Greene was born in Herkimer, New York. He was a Methodist minister at Mendon, New York.  He was friends with Heber C. Kimball and they claimed to witness "signs in the heavens" on September 22, 1827.  He later met Latter Day Saint missionary Samuel Harrison Smith, who sold Greene a copy of the Book of Mormon. Greene joined the Latter Day Saint church in April 1832, as did the family of his wife Rhoda, which included Brigham Young.

Greene would serve a total of 11 missions for the church. In May 1834, Greene baptized three people while serving as a missionary in Villanova in Chautauqua County, New York.  He was the original president of the Eastern States Mission in May 1839.  He published a pamphlet about the 1838 expulsion of the members of The Church of Jesus Christ of Latter-day Saints from Missouri in 1839 entitled Facts Relative to the Expulsion of the Mormons or Latter-Day Saints from the State of Missouri, Under the Extermination Order. This was one of the first significant historical works published by a member of the Church.

In 1844, Greene was the chief of police in Nauvoo, Illinois, who supervised the destruction of the press of the Nauvoo Expositor. When Joseph Smith and his brother Hyrum submitted to incarceration in Carthage, Greene was part of a group of men that accompanied them to the Carthage Jail.

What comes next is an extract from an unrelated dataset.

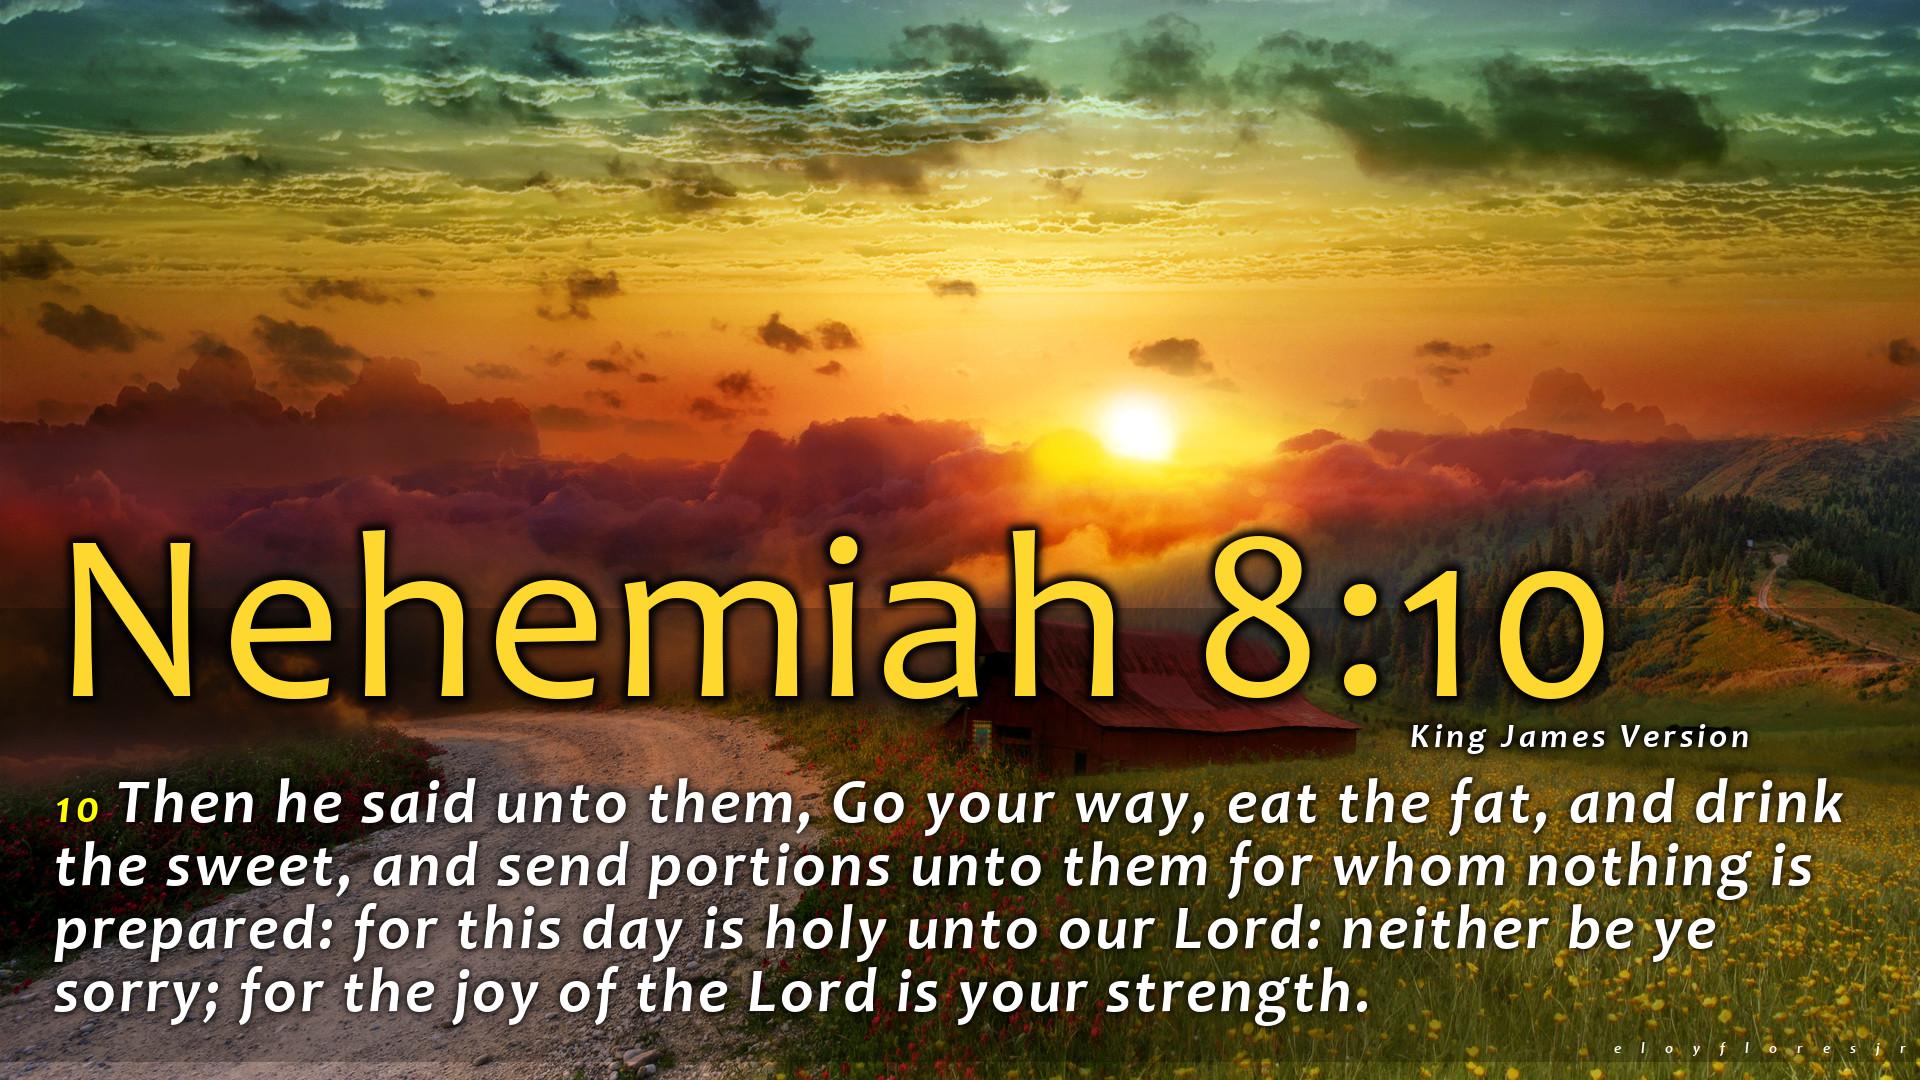 Nehemiah 8:10 wallpaper

After the Smiths were killed, Greene supported the succession claims of James Strang, but Greene died amid the succession crisis. The Church of Jesus Christ of Latter Day Saints (Strangite) alleges that Greene was "martyred by poison ... for disclosing that James Strang was appointed by Joseph Smith."

Notes

References
 Encyclopedia of Latter-day Saint Church History, pp. 445–46.

1793 births
1844 deaths
19th-century Mormon missionaries
American Mormon missionaries in the United States
Converts to Mormonism from Methodism
Latter Day Saints from Illinois
Latter Day Saints from New York (state)
Leaders in the Church of Christ (Latter Day Saints)
Methodist ministers
Mission presidents (LDS Church)
Religious leaders from New York (state)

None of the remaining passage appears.